Read Chronicles of Elantra Bundle Page 52


  But he didn’t move, and after she’d finished putting her shoes on, she walked over to where he stood. “Was I talking?”

  He nodded.

  “In Elantran?”

  “No. And that was odd.”

  “Aerian?”

  “No.”

  “Barrani.”

  “Yes. High Barrani. Do you know what leoswuld means?”

  She frowned. Shook her head.

  “Were it not for the expectations of Lord Sanabalis, I would not allow you to leave the castle,” Lord Nightshade said quietly.

  “It’s a bad word?”

  “It is not a word that I have heard spoken by my kin since—” He smiled. It was a sharp smile. “It is, as you suggest, a bad word. Do not repeat it.” His frown deepened, and the shade of his eyes were a blend of blue and green, both too deep for comfort. “But it would explain much.” He lifted a hand. “Do not speak of it. It is death for outsiders.”

  She wasn’t certain she could.

  But she knew he was worried, and anything that actually worried a fieflord was probably something that could eat her alive and spit out the chewy bits without pausing for breath. Or, even worse, political.

  “Tender my regards to Lord Sanabalis,” Lord Nightshade said as he moved to one side. “I will see you out.”

  Seeing her out, as it happened, meant walking her to the banks of the Ablayne. The skiff was waiting for her there, and Andellen was once again its makeshift captain. “You will retain the services of Andellen and Samaran.”
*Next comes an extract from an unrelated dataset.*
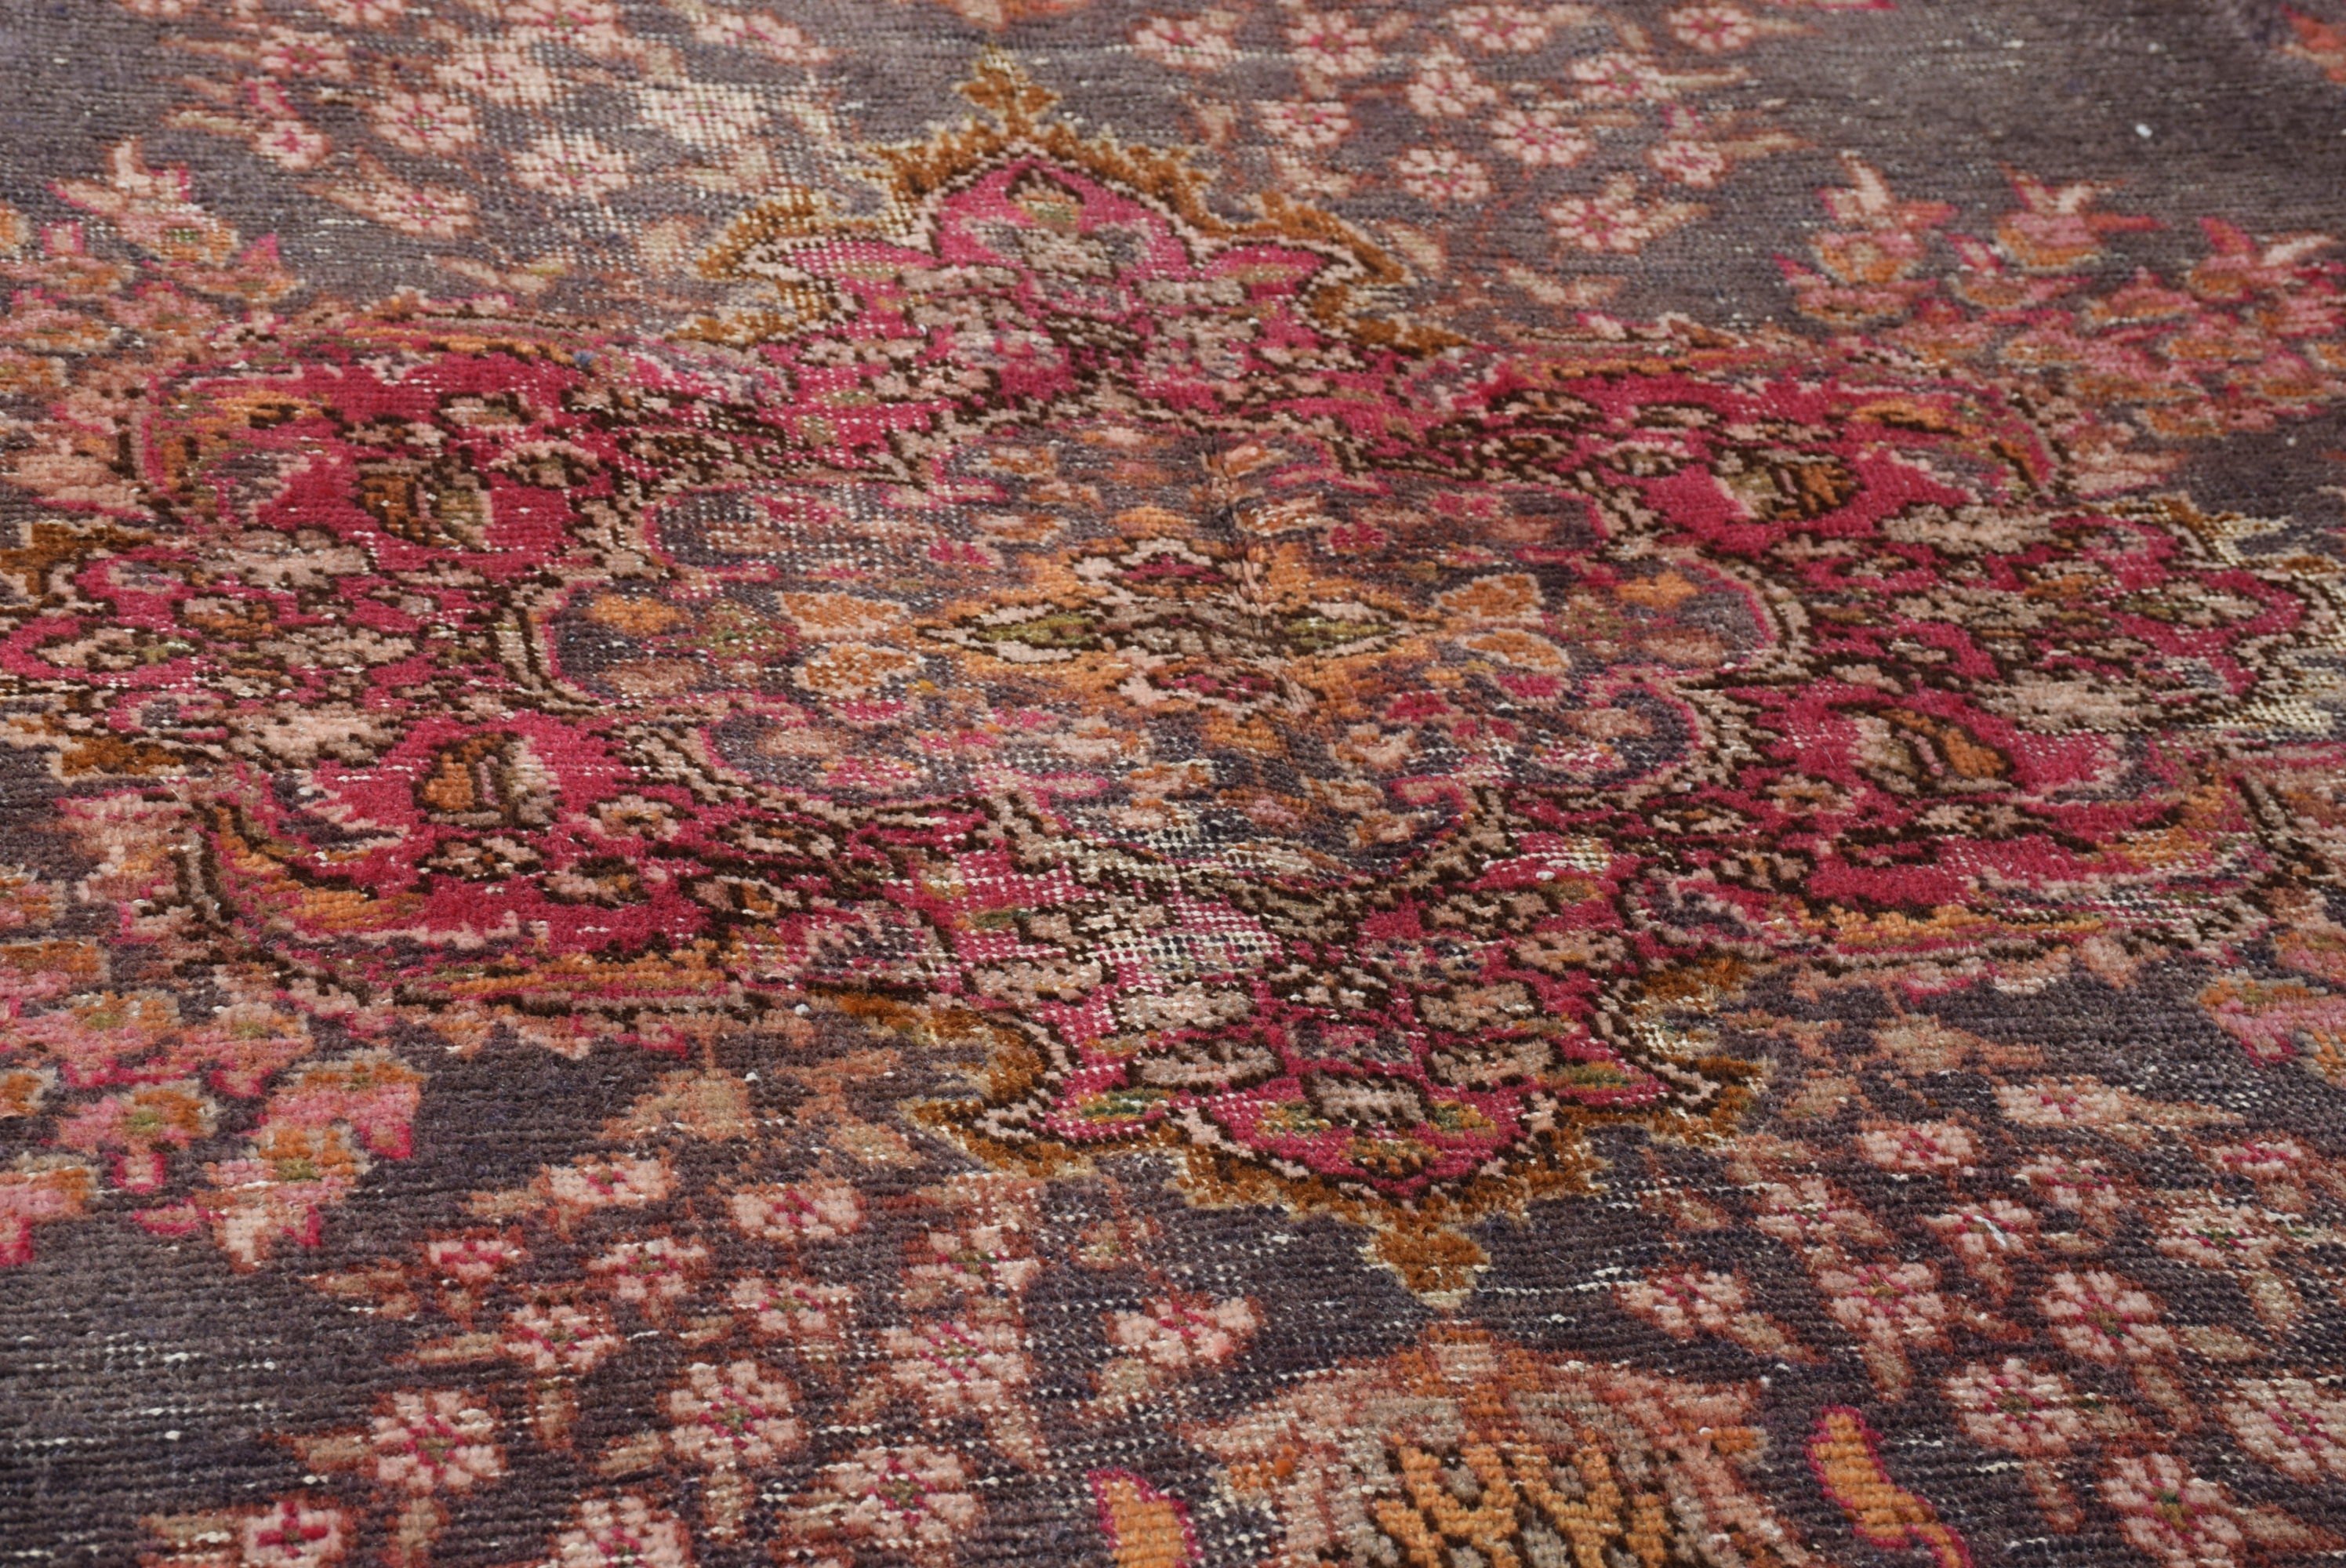 Pink Bedroom Rug, Rugs for Kitchen, Floor Rugs, Kitchen Rug, Vintage Rug, 4.7x7.3 ft Area Rug, Turkish Rugs, Boho Rug

  “I can’t take them into the Halls of Law—they’re—”

  “If it is necessary, they will wait outside. Without breaking any of the laws you hold so precious.”

  “They’ve already broken at least sixty that I can think of, just by serving you!”

  “They will not be an inconvenience.”

  She looked at his face. “I take them or I don’t go?”

  He shrugged. “There is always a choice.”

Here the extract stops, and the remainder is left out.